To this passing of the great ideological debates of old can be added the effects of what the French call “recentrage” — appeals to the “middle of the road” voter based on the assumption that elections are won in the center, by securing the all-important 50% plus one vote. This generally means appealing to the least reflective minds, those most disposed to follow the herd and who are unmindful even of logical consistency. Not many Frenchmen are actually to be found smack in the center of the conventional political spectrum, so that an excessive concentration on the mythical “middle of the road” voter results in party programs that increasingly resemble one another, yet alienate most of the nation. Thus, Benoist opens his book by citing the result of a 2016 poll according to which 85% of French voters said they would be disappointed with the results of the then-upcoming presidential election no matter what the result. Electoral success is often more a matter of eliciting the enthusiasm of one’s base than of fishing for the elusive approval of the unthinking and indifferent. No French party today rouses much enthusiasm, and the same is true across much of the West.
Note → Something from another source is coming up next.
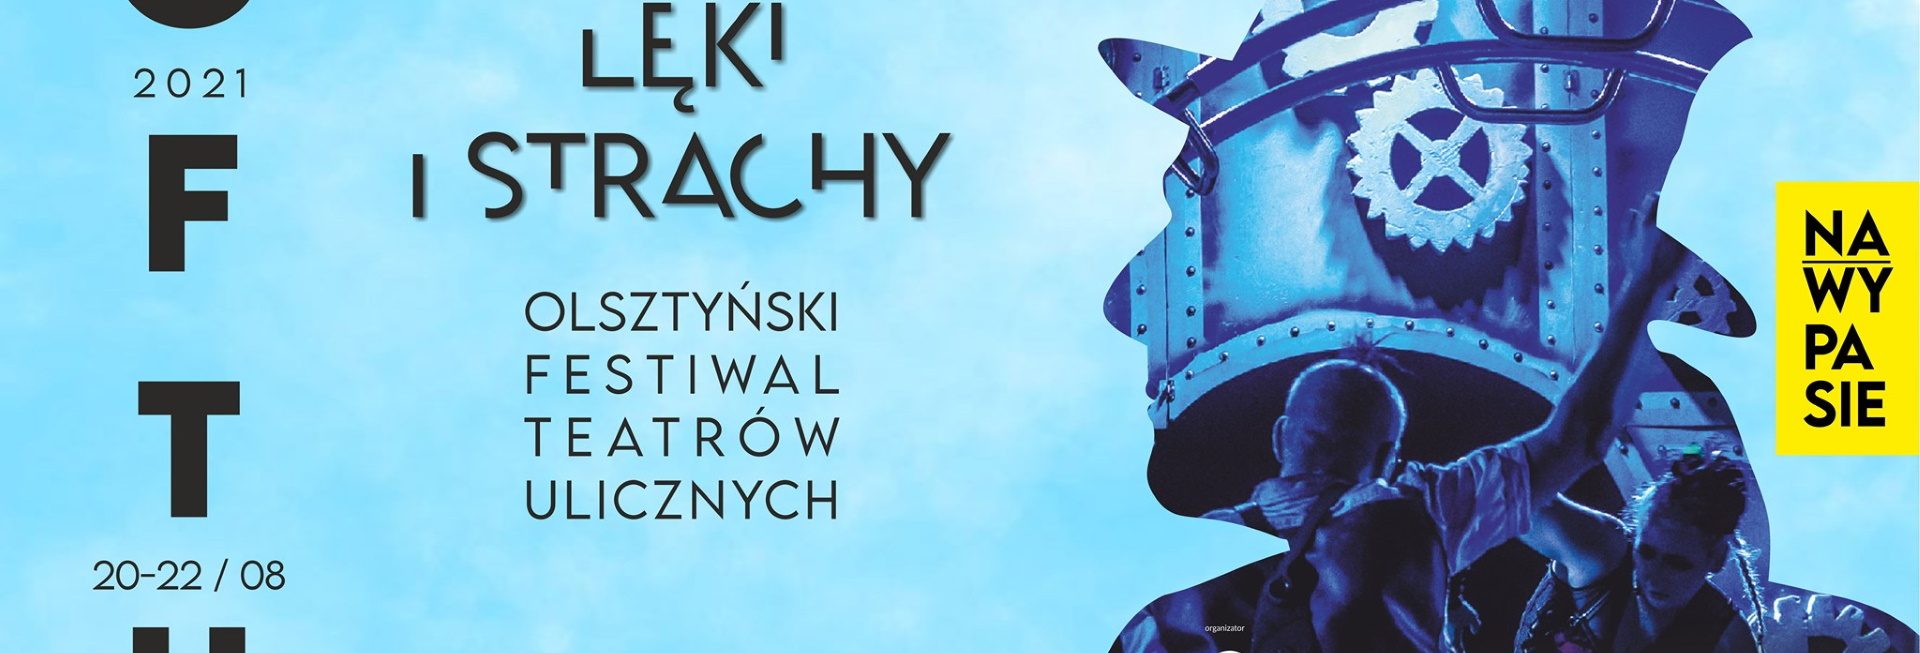 Plakat graficzny zapraszający do Olsztyna na cykliczną imprezę Olsztyński Festiwal Teatrów Ulicznych - Lęki i strachy Olsztyn 2021. Na plakacie postać z głową, która to głowa jest graficznie wykonana z metalowych części.     

And so we arrive at our populist moment. The customary contest between political parties and programs has been replaced by a contest between ordinary voters and the political class as a whole. This situation will not go on forever; like the great debates of the past, it will find a resolution somehow. The worst way this could happen would be through the successful suppression of the populist revolt by the incumbent elite. That would require the establishment of a kind of neo-Communist dictatorship powerful enough to protect what they call “our democracy” from all popular challenge. Elements of the elite are hard at work on such a project, fortifying elections, combatting hate speech, and replacing the nation with more reliable foreign clients. But their actions convey more than a whiff of desperation, and I suspect the current crackdown will prove to be the darkness that precedes the dawn.

A successful populist challenge will involve a two-pronged strategy of increasing popular participation in government and replacing the incumbent elite with a new one.

According to Benoist, the central concept of democracy is not elections or equality or the law of number, but participation. The maximum of democracy is equivalent to the maximum of participation by ordinary people in deciding matters that affect their own lives. And it is in the effect of policy on citizens’ lives that we find the best response to the common objection that the people are not competent to determine policy. Yes, modern politics does touch upon complex questions which exceed most people’s understanding. But this does not mean ordinary voters are unable to feel the effects of existing policies on themselves and their families. Even an animal is the best judge of when it is in pain. And the people are in pain due to mass immigration, the offshoring of jobs, and other aspects of globalization. While most are not qualified to design better policies in detail, they are capable of making reasonable choices about their own welfare when given the chance. In recent decades, they have not been given that chance. This is the basis of popular outrage against the current elite, not any delusions of grandeur about their own capacity to rule.

Participation can be increased through the use of popular referenda as well as involvement in local government, such as the recent success of parents’ groups in capturing school boards in parts of the United States. But elites of some kind are inevitable, having existed in every society throughout history. It is important to understand that our populist moment is not a revolt against elites as such, but only against a particular corrupt elite deeply alienated from and hostile to those it governs. Once populism has won a few victories, we are likely to see the emergence of charismatic young leaders able to usher in a long overdue circulation of Western elites. The talent is already there: it consists precisely of those who have been deliberately purged from the current elite by its incumbents. Our task is to organize them and prepare them for their destined role as the renewers of our civilization.